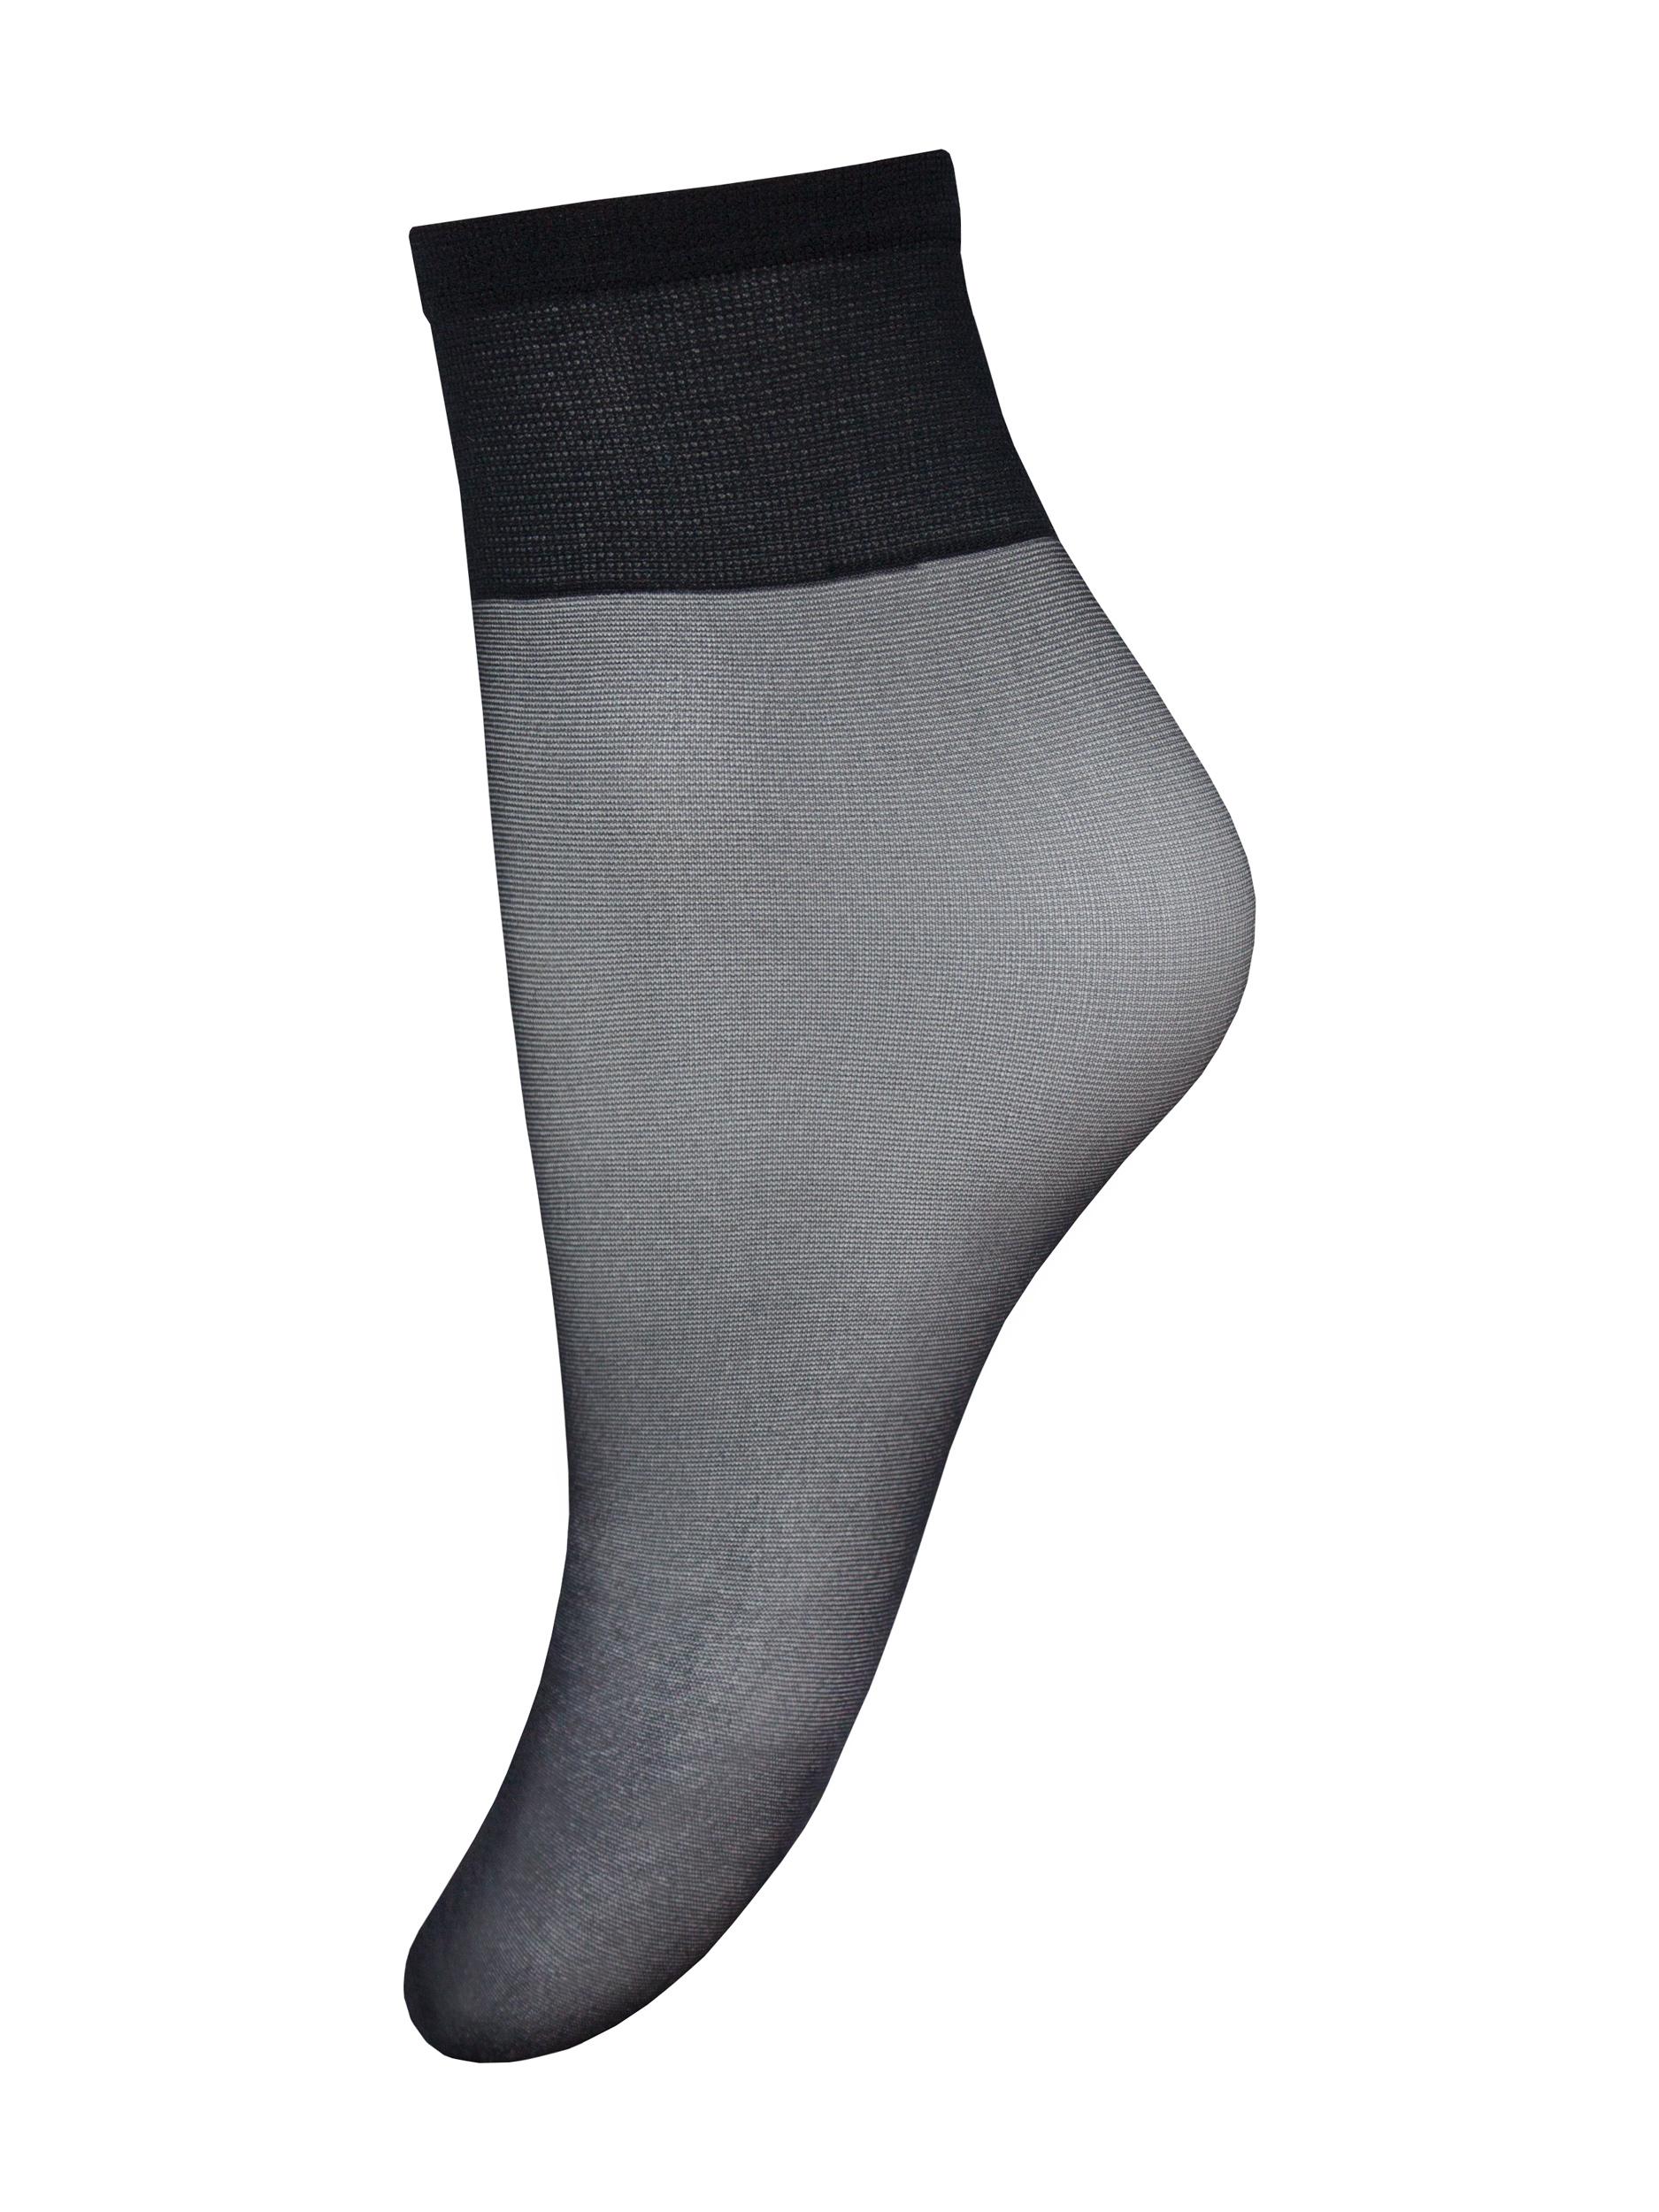 Капроновые носки женские Mademoiselle Silvia 20 (c.) 3 paia UNI nero (чёрные)
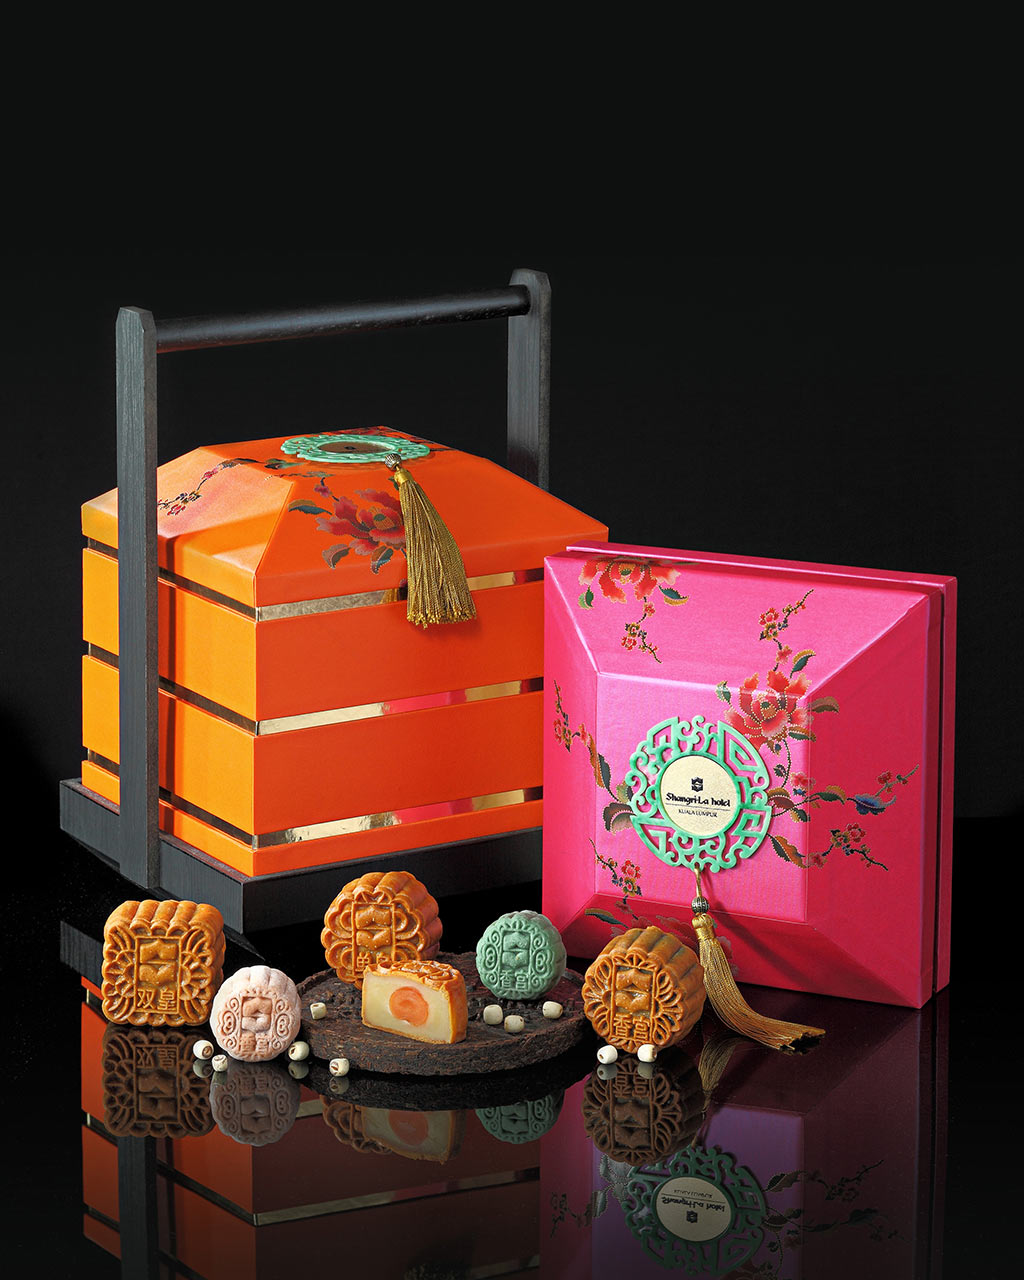 shangri-la mooncake2
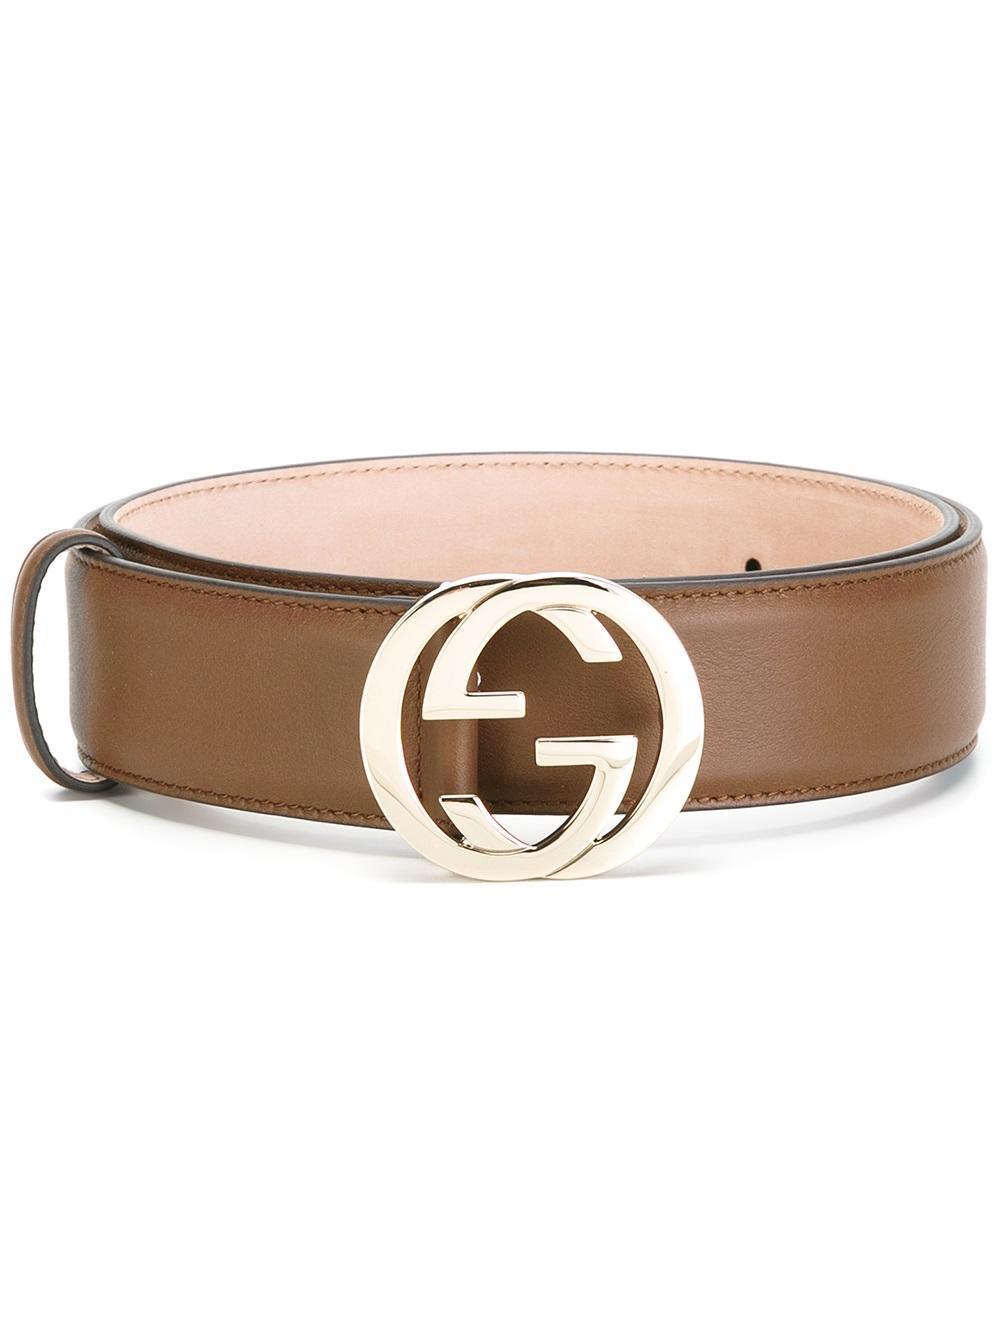 gucci gg buckle belt in brown lyst
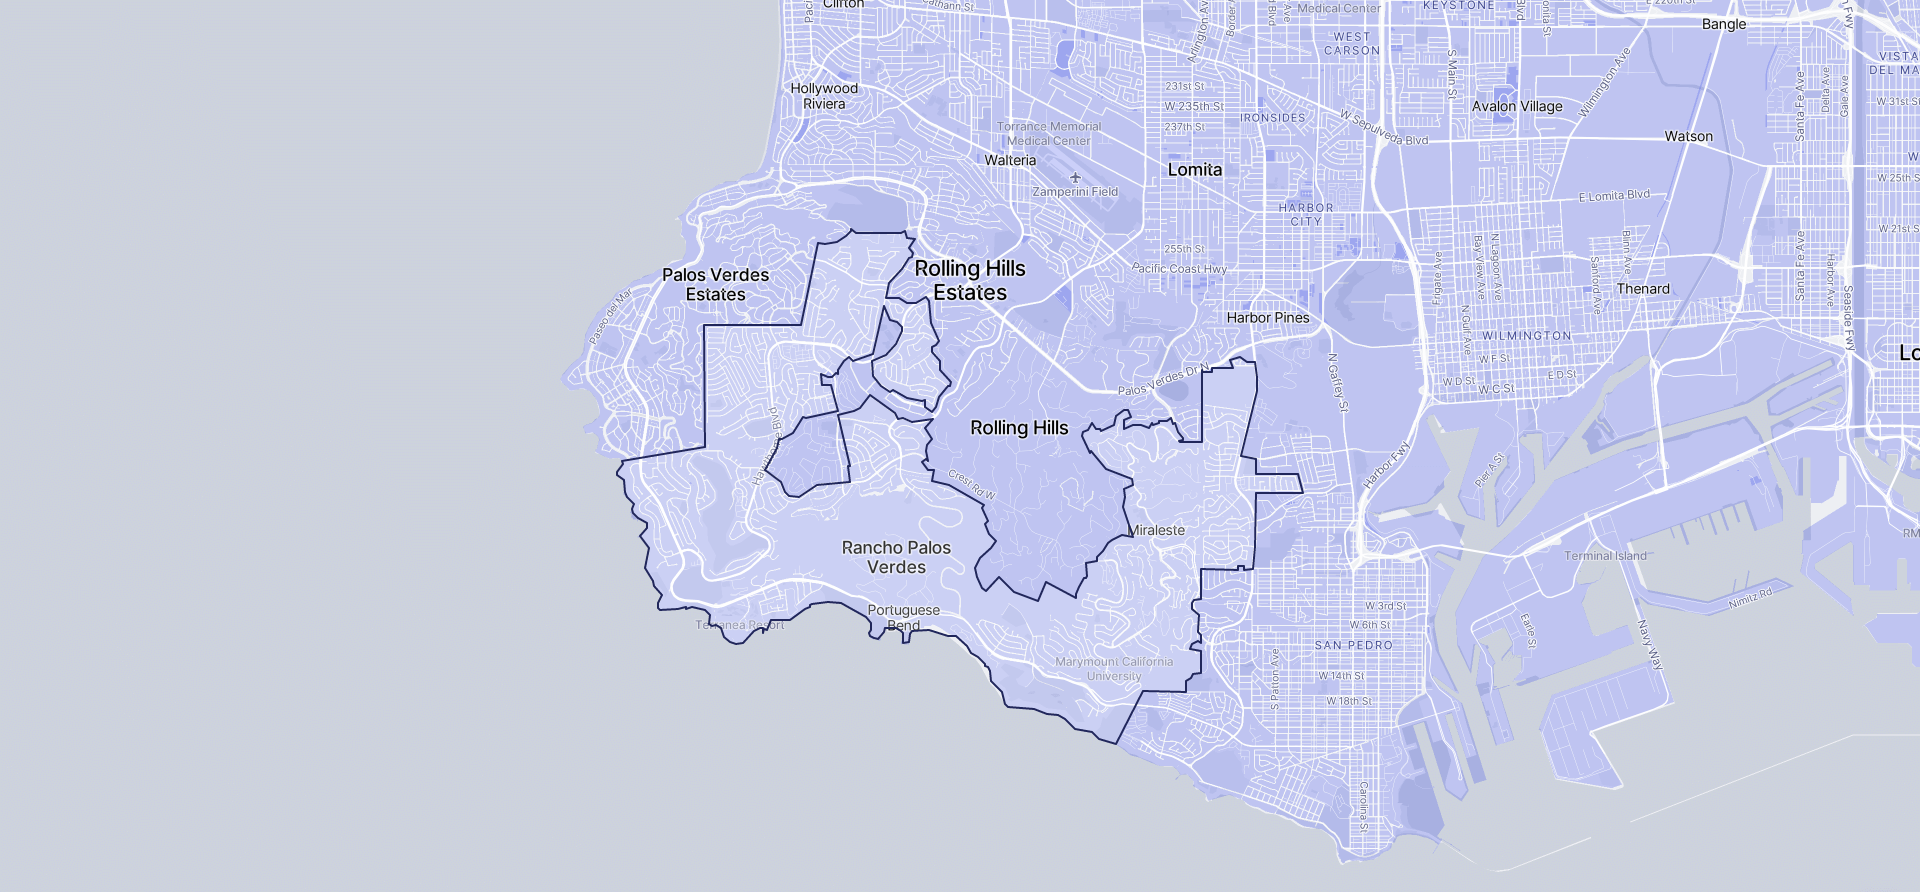 Image of Rancho Palos Verdes boundaries on a map.

※ ※ ※

= What this task involves =
With images omitted, retype the data word for word.

= Solution =
 Капроновые носки женские Mademoiselle Silvia 20 (c.) 3 paia UNI nero (чёрные)
 shangri-la mooncake2
 gucci gg buckle belt in brown lyst
 Image of Rancho Palos Verdes boundaries on a map.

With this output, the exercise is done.